Caminha lenta e preguiçosamente, como é de seu costume nas manhãs de segundas-feiras, cumprimenta um ou outro e passa em revista o seu final de semana: sábado, o churrasco na casa de um dos amigos mais próximos, aonde comemoraram um aniversário (como tinha comido! E bebido! Nem se lembrava de como havia chegado em casa!); domingo, não deu praia. Acabou no clube, aonde encontrou os mesmos bons amigos, que lá estavam de ressaca tomando aquele chopinho medicinal. Juntou-se à cura. O papo foi bom. Falou-se de tudo, mas bom mesmo foi quando falaram de todos (preferencialmente dos que não estavam ali).

Chopinhos e salgadinhos depois, lembrou-se daquela amiga e, travando um gole, pensou em como ela deveria estar, sozinha, sentindo-se abandonada, quem sabe, durante todo aquele final de semana. Sentiu um misto de pena (da amiga, mas estranhamente, de si também) e desconforto com aquela lembrança. Desconforto tão grande que suspendeu imediatamente o chope e pensou em caminhar pelas ruas arborizadas e quase desertas do bairro. Foi!

Já era final de tarde e, na ausência de pessoas nas ruas, percebia apenas os sons de alguns pássaros e dos poucos carros que por ali circulavam sem pressa. Ouviu alguns fogos, talvez em comemoração aos gols do domingo, mas os ecos da lembrança de sua amiga eram mais fortes. Caminhou rua acima até sua casa e, sob a forte impressão que aquela lembrança lhe causava deitou-se em frente da televisão. Programando 90 minutos no “timer” e sem a menor vontade de fazer o que quer que fosse, abandonou-se até a manhã seguinte que, aliás, é hoje.

Estranha sensação. Não sabia como olhar para a amiga esta manhã. Pensou em não visitá-la, pensamento imediatamente rejeitado em nome de uma fidelidade já de alguns anos. Aproximou-se procurando não chamar a atenção das pessoas, como se fugisse de olhares alheios. Escolheu o caminho mais longo, isolado e escuro. Nesse dia, o encontro estranhamente tomava ares solenes e a expectativa trazia uma ansiedade desproporcional e até descabida, para uma visita que, afinal de contas, era praticamente diária. Algo lhe dizia intimamente que, nesta específica manhã, se surpreenderia com coisas que talvez preferisse ignorar.
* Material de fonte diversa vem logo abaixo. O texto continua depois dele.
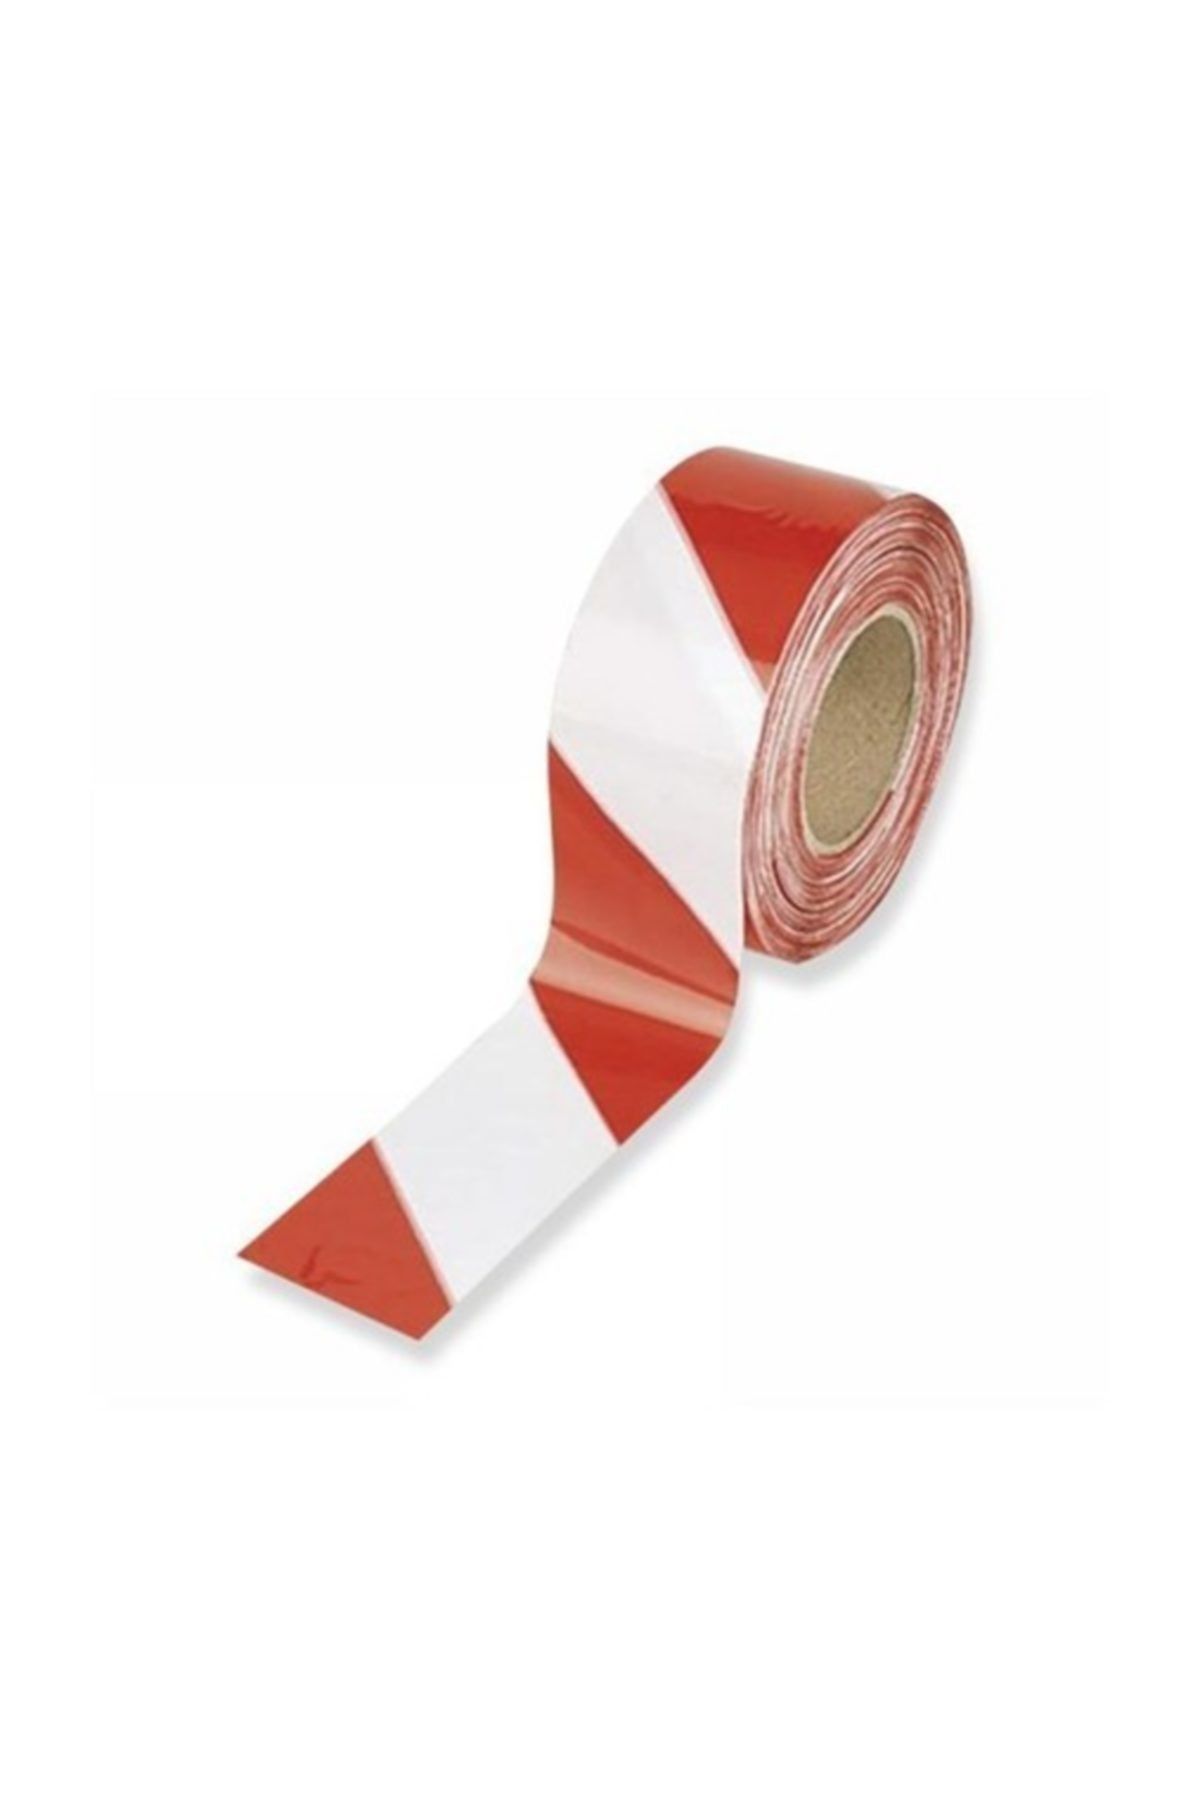 Gereksiz Şeyler Kırmızı Beyaz Ikaz Bandı - Emniyet Şeridi - Iş Güvenliği Şeridi- 1 Adet 360 Metre
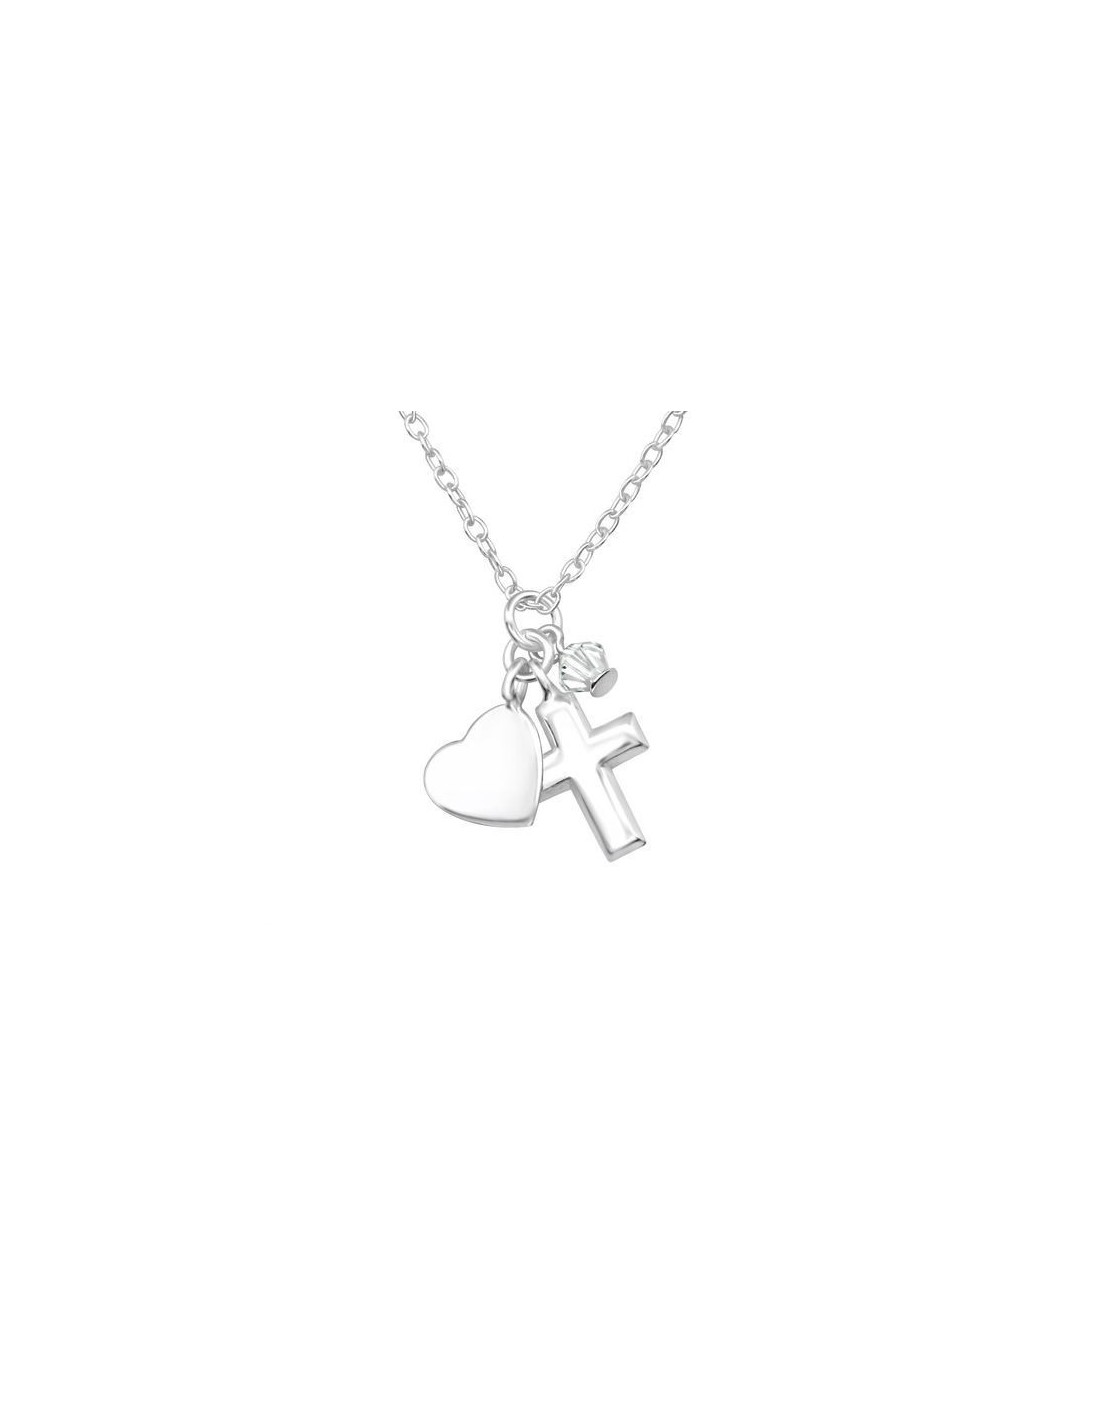 Attract Swarovski Necklace - Jewelry Online Grau

Parou a metros da porta, respirou lenta e profundamente buscando aquietar seu coração. Dois passos à frente e nada mais a fazer senão abrir a porta e encará-la. Seja o que Deus quiser! Estaria pronto! Entrou. Olhou para a amiga e não viu diferença alguma em sua aparência. A mesma silhueta e o mesmo comportamento mas, o silêncio daqueles segundos iniciais reforçou sua certeza de revelações que, em breve, revolveriam suas entranhas. Pôs suas coisas sobre uma mesinha de cabeceira, descansou seu casaco sobre uma cadeira, respirou fundo uma vez mais e expirou todo o gás carbônico que lhe restava nos pulmões. Retirou os sapatos e finalmente subiu.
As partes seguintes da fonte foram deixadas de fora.